Comment 9 Tom Hughes 2013-03-21 13:32:49 UTC
Yep - there is a bug in RHBZ describing exactly this problem: https://bugzilla.redhat.com/show_bug.cgi?id=711881
Comment 10 Dmitry Djachenko 2013-03-21 18:31:37 UTC
(In reply to comment #7)
> (In reply to comment #4)
> > Aha.... btrfs... I wonder if that has anything to do with it.
> If i remember correctly another my box with ext4/lvm has the same errs.
> I'll re-check.
With ext4/lvm test PASS.

I think that test checks basic functionality and it's bad to skip it

So what to do?
-- ignore problem segment
-- print warning and not exit, add expected stderr.out

decrease --sanity-level to 2 is not a variant.
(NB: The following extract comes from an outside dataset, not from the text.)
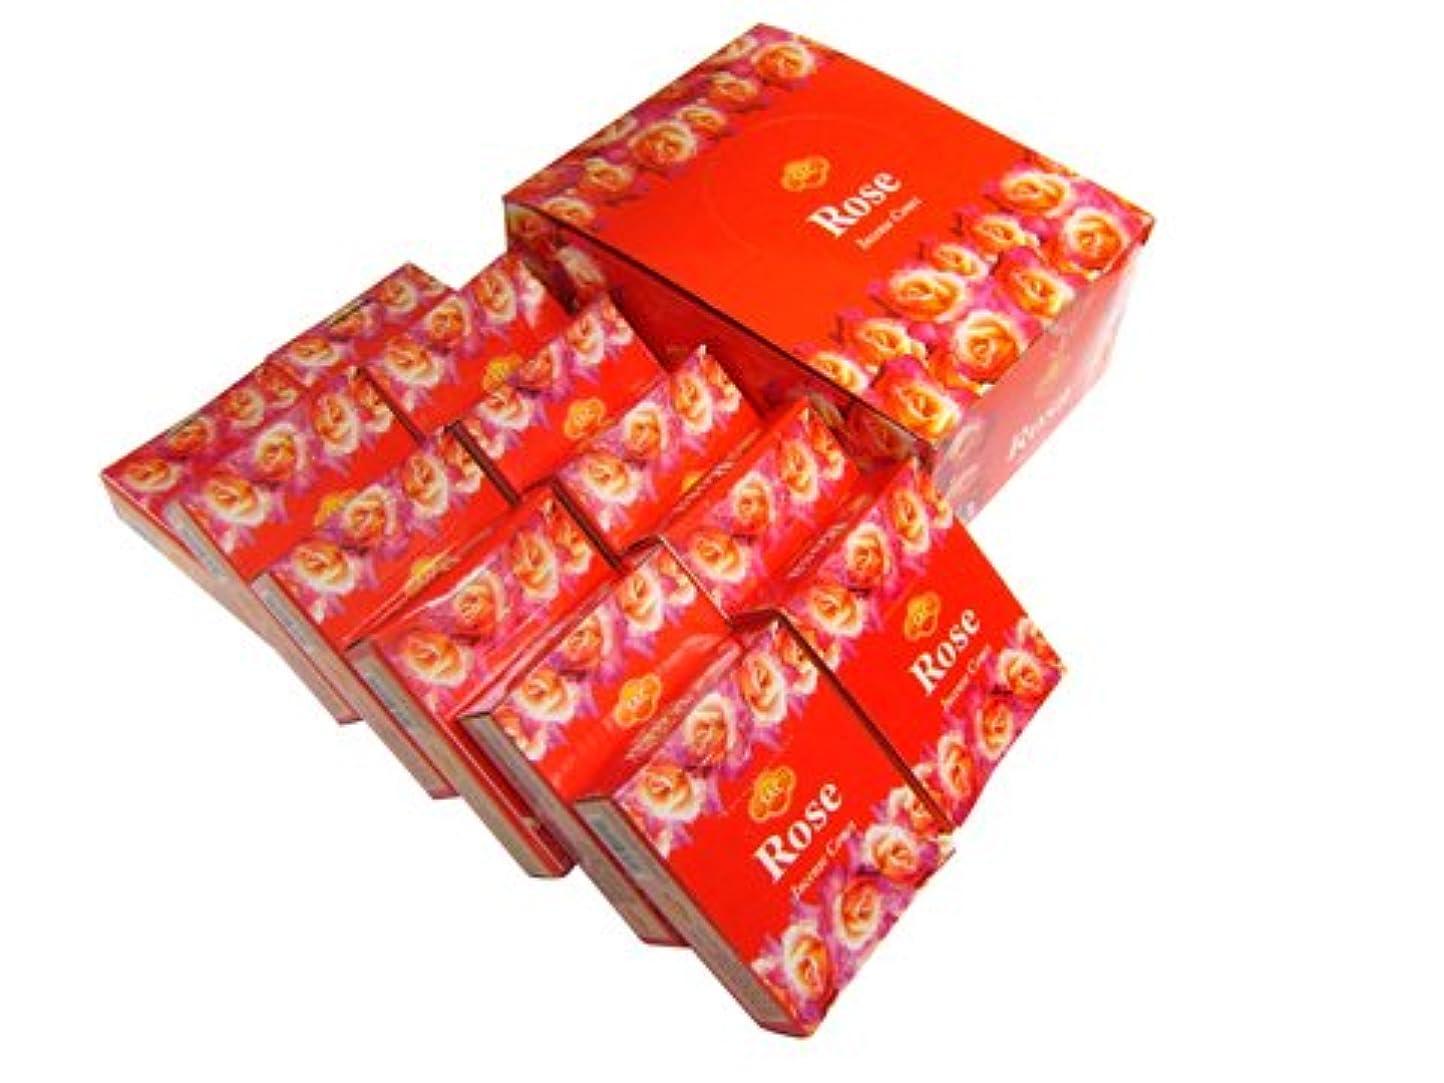 ボウル担当者警報SANDESH SAC (サンデッシュ) ローズ香コーンタイプ ROSE CORN 12箱セット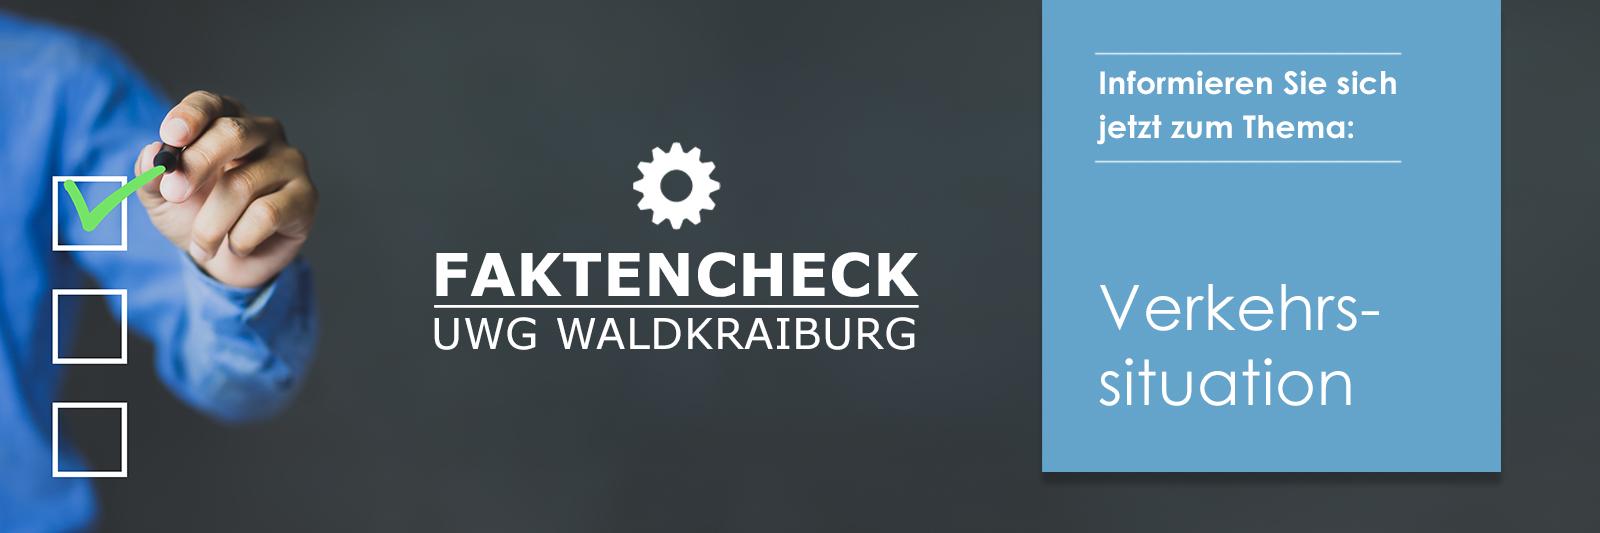 UWG Faktencheck Verkehrssituation in Waldkraiburg

Test was added in r3265 for this check (as part of 2.4.0 merge)
Comment 11 Dmitry Djachenko 2013-03-21 18:52:06 UTC
(In reply to comment #6)
> It's quite normal for a few tests to fail, so I wouldn't worry to much about
> that.
i hear sometimes somewhere "FAIL free testsuite is Right Thing To Do" :)
Comment 12 Tom Hughes 2013-03-21 19:03:11 UTC
Yes obviously it's not ideal that the test suite is not more reliable, but it turns out to be very hard to construct tests for valgrind that reliably pass everywhere - small changes in the operating environment can causes backtraces to change in subtle ways for example.

In this case the problem isn't the test at all, it's btrfs invalidating a basic unix assumption about the meaning of st_dev.

It may be that we will have to stop comparing device numbers in the sanity check, but certainly the test is not the problem.